Original issue reported on code.google.com by leemil...@gmail.com on 9 Sep 2009 at 11:03

GoogleCodeExporter commented 8 years ago
Hi,

This is working as designed and I do believe it worked the same way in 1.7 (am I
wrong ? :)

You have to know that:

1. There is a difference between doReturn() and when(). when() actually invokes 
the
method so any previous stubbing will be activated at the moment you do when(). 
This
is a trade off of the mocking syntax Mockito uses.

2. All argument matchers (like any()) always return nulls. Therefore in this 
case:

setupSessionWorks();
setupSessionBroken();

invocation.getArguments()[0] is null

If you guys are doing some complex stubbing I suggest to use doReturn() as it 
is a
tiny bit safer (but less readable...)

Original comment by szcze...@gmail.com on 12 Sep 2009 at 6:04

GoogleCodeExporter commented 8 years ago
Hi, I am able to reproduce it and I'm working on it.

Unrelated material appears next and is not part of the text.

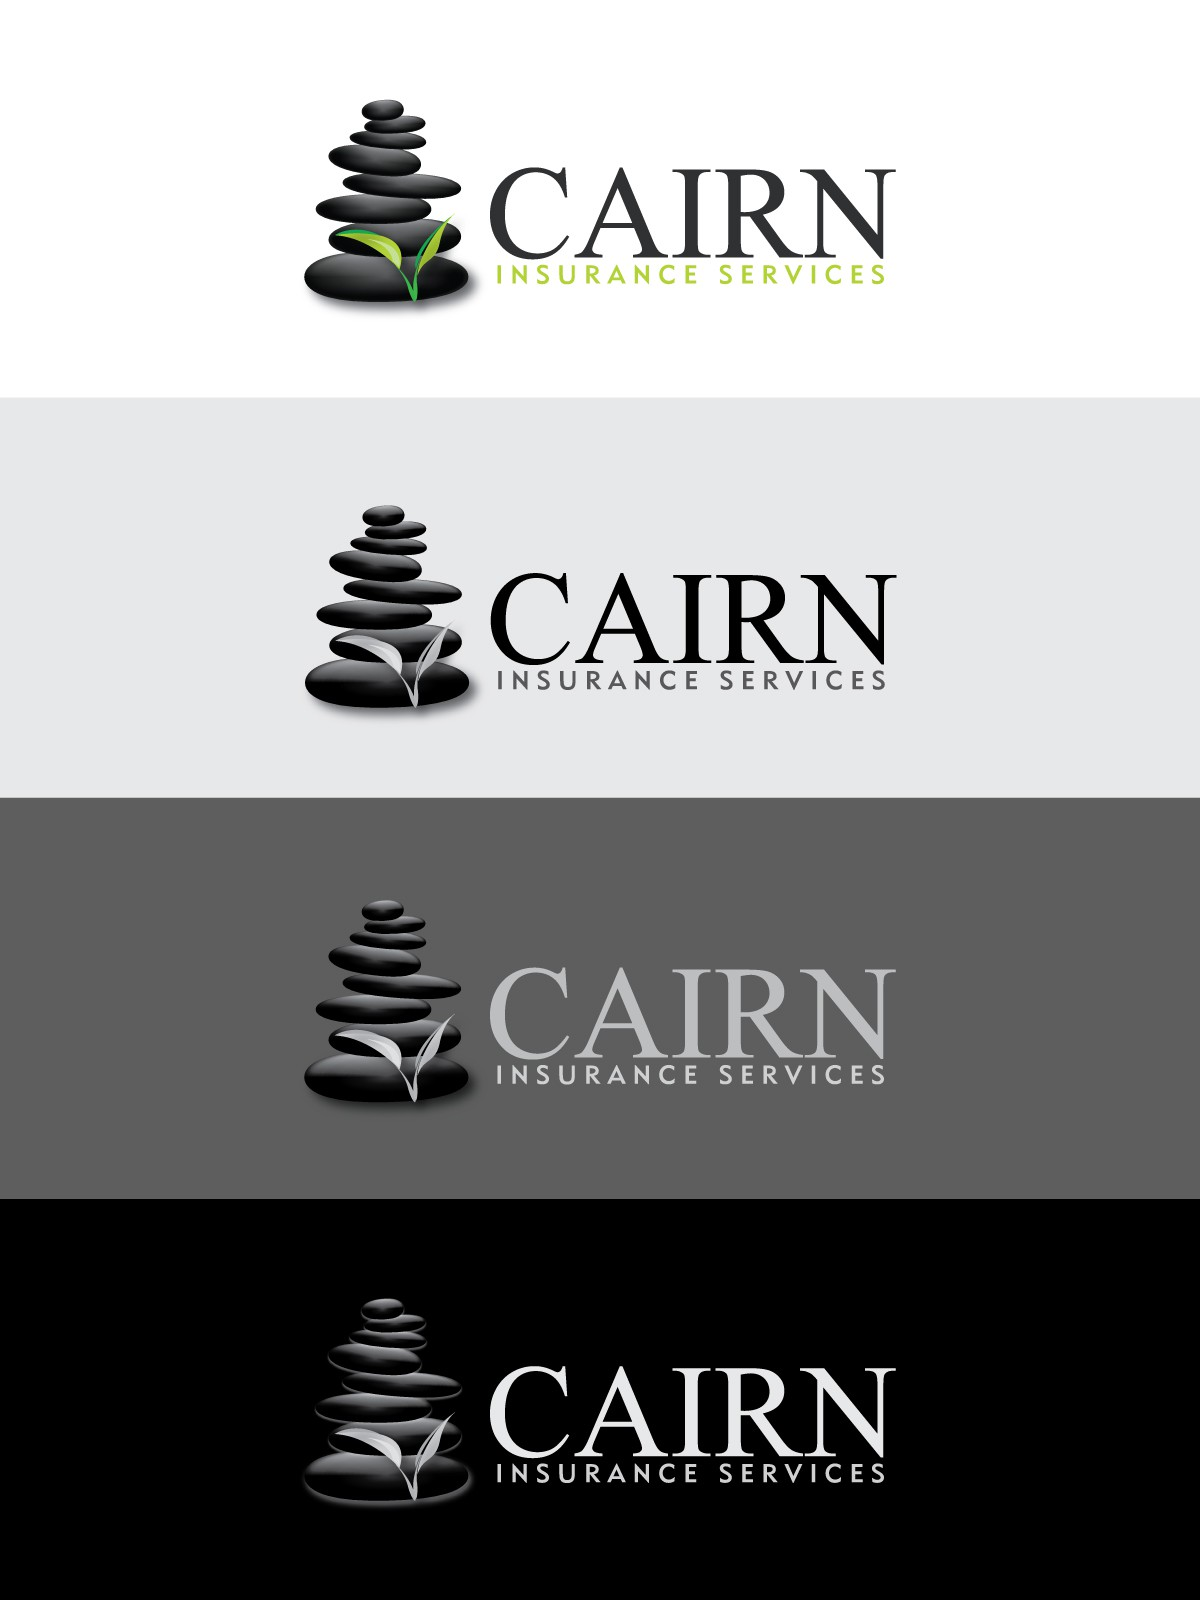 Cairn Insurance Services needs a new logo

Original comment by szcze...@gmail.com on 15 Sep 2009 at 8:38

GoogleCodeExporter commented 8 years ago
I see now. It's all because we changed the behavior of any() matcher in release 
1.8.0
(see issue 73)

So, generally those nulls will be there. In order to avoid NPEs, either use
doReturn/doAnswer or use isA() matcher instead of any() matcher. 

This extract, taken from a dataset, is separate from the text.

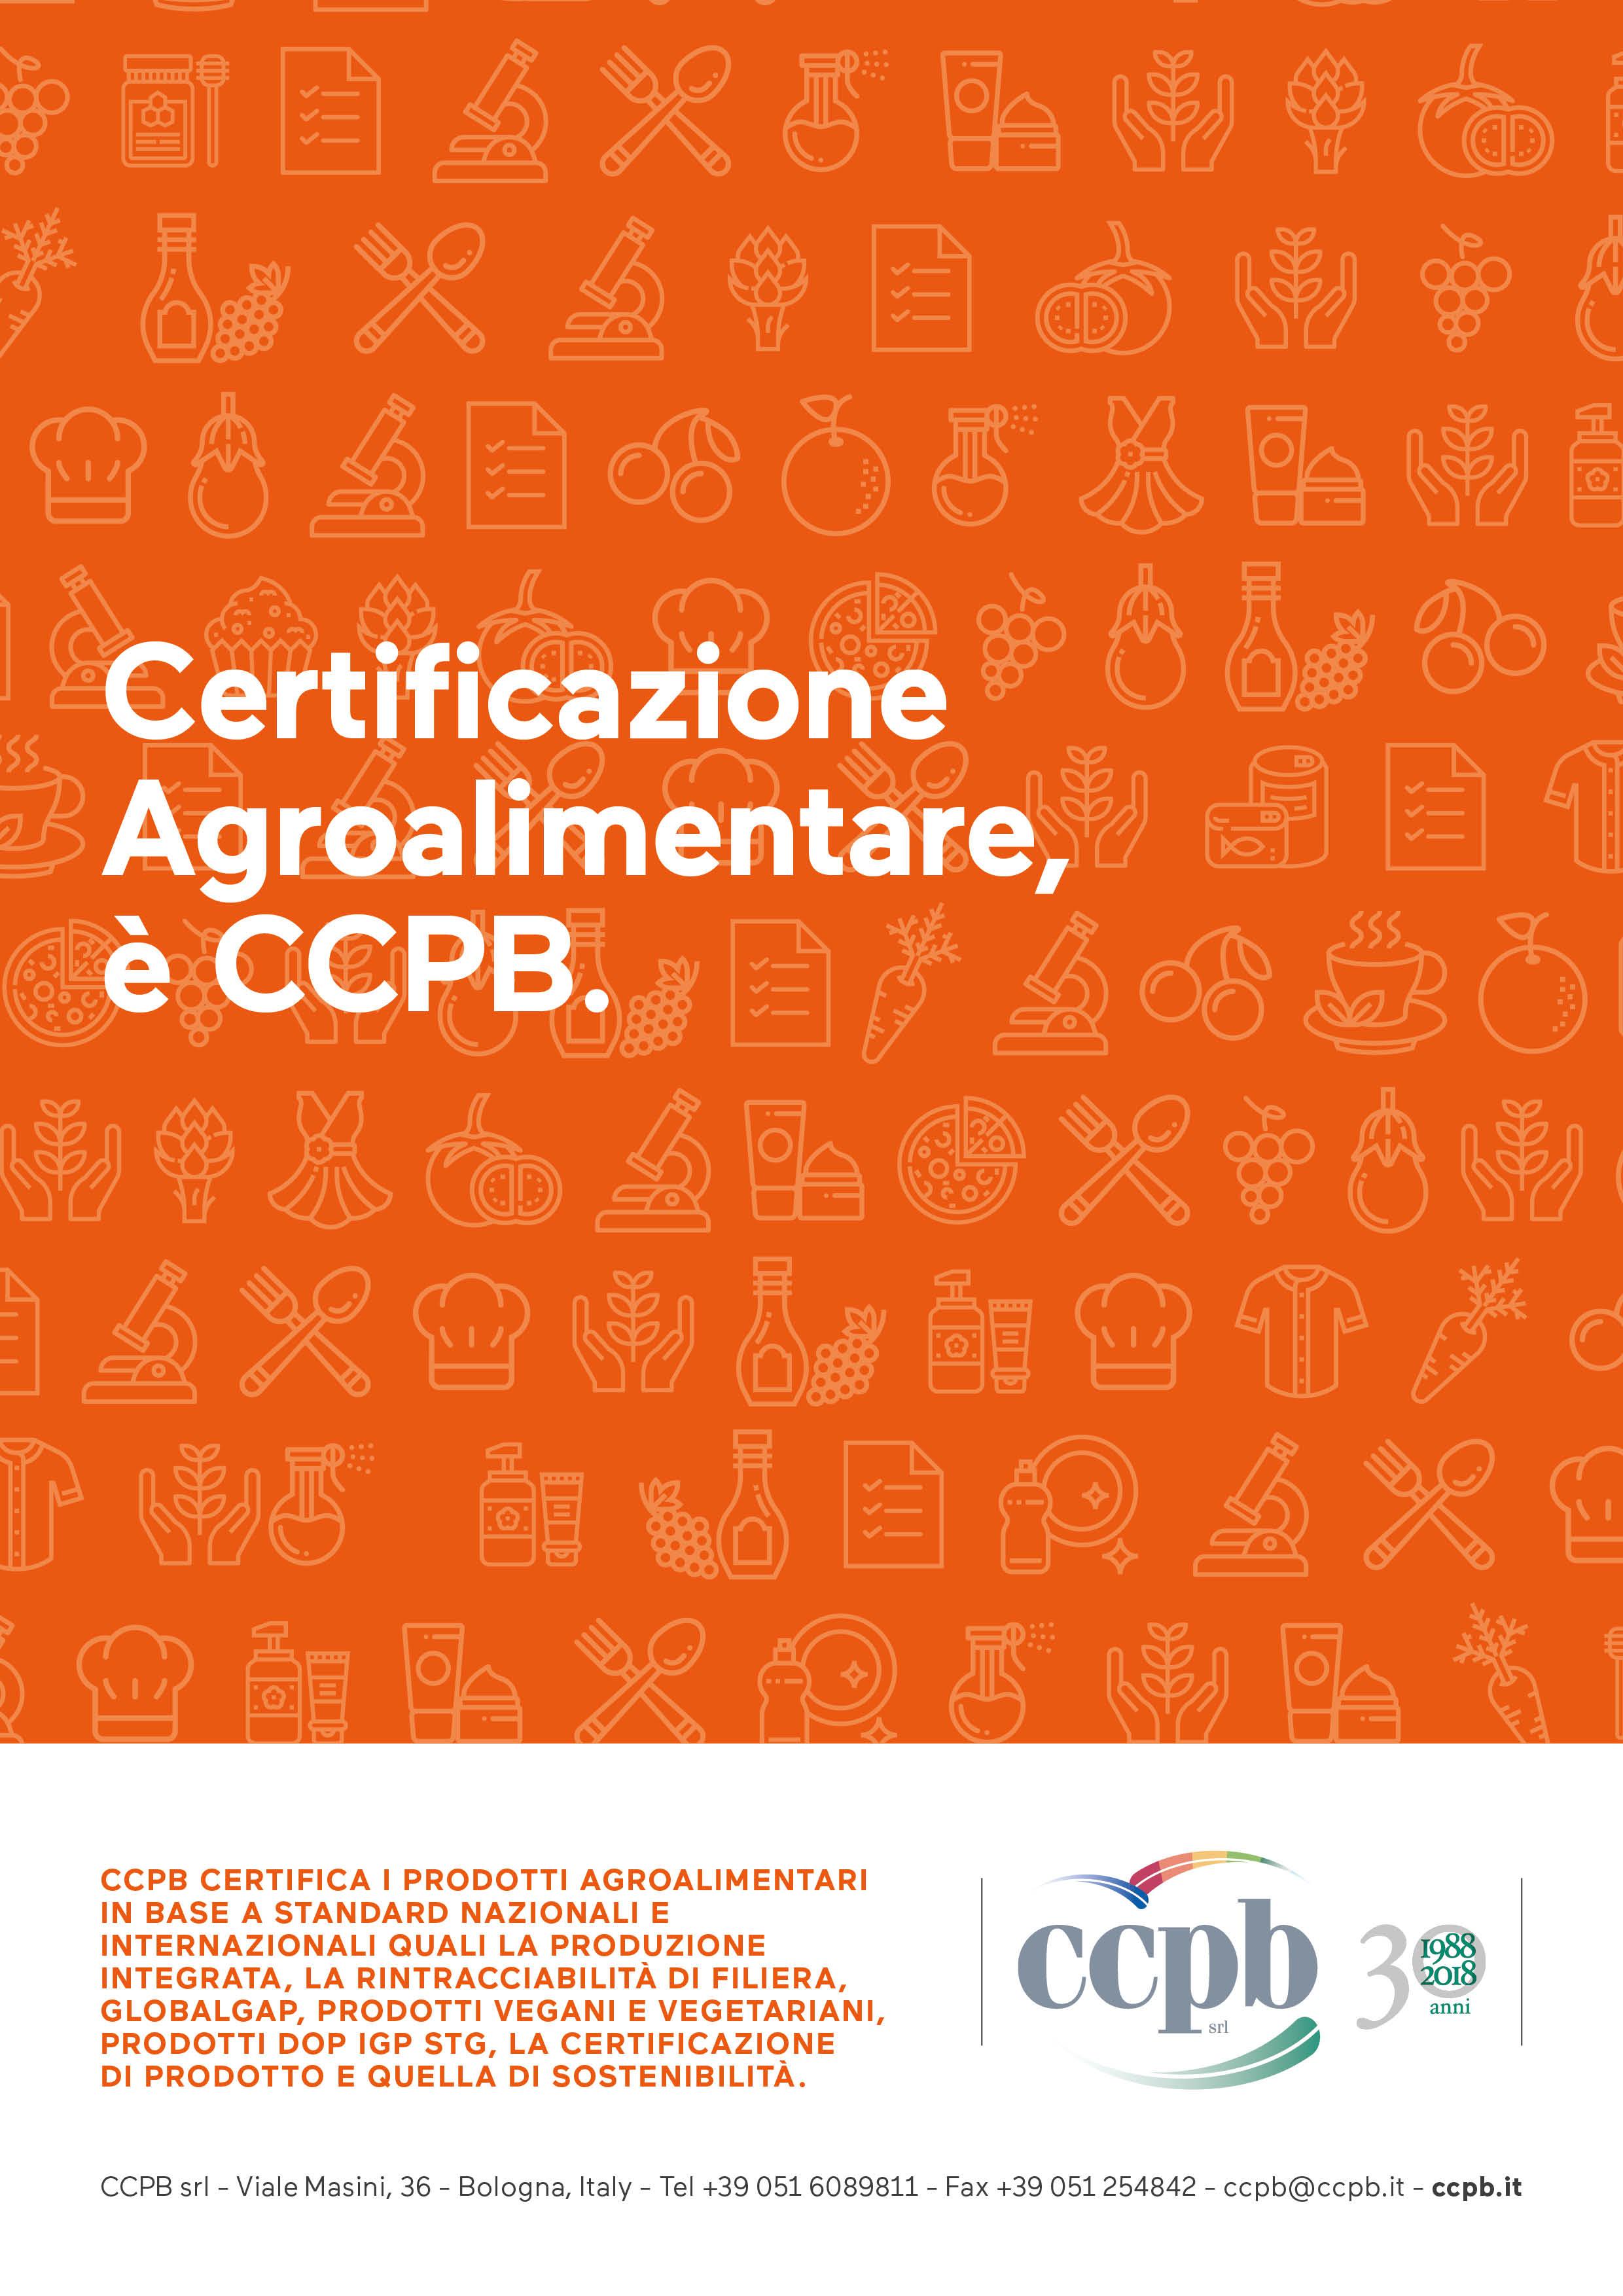 CCPB_A4-ITA_Agroalimentare

You're probably curious why the matcher matters, right? OK, so isA() matcher 
does not
allow nulls. Calling any matcher creation methods (like any()) will return 
null. This
all together makes mockito not use the previous stubbing when you call when() 
for the
second time. It's hard to explain but those are hardcore gotchas pretty much 
related
to how the mocking syntax is implemented.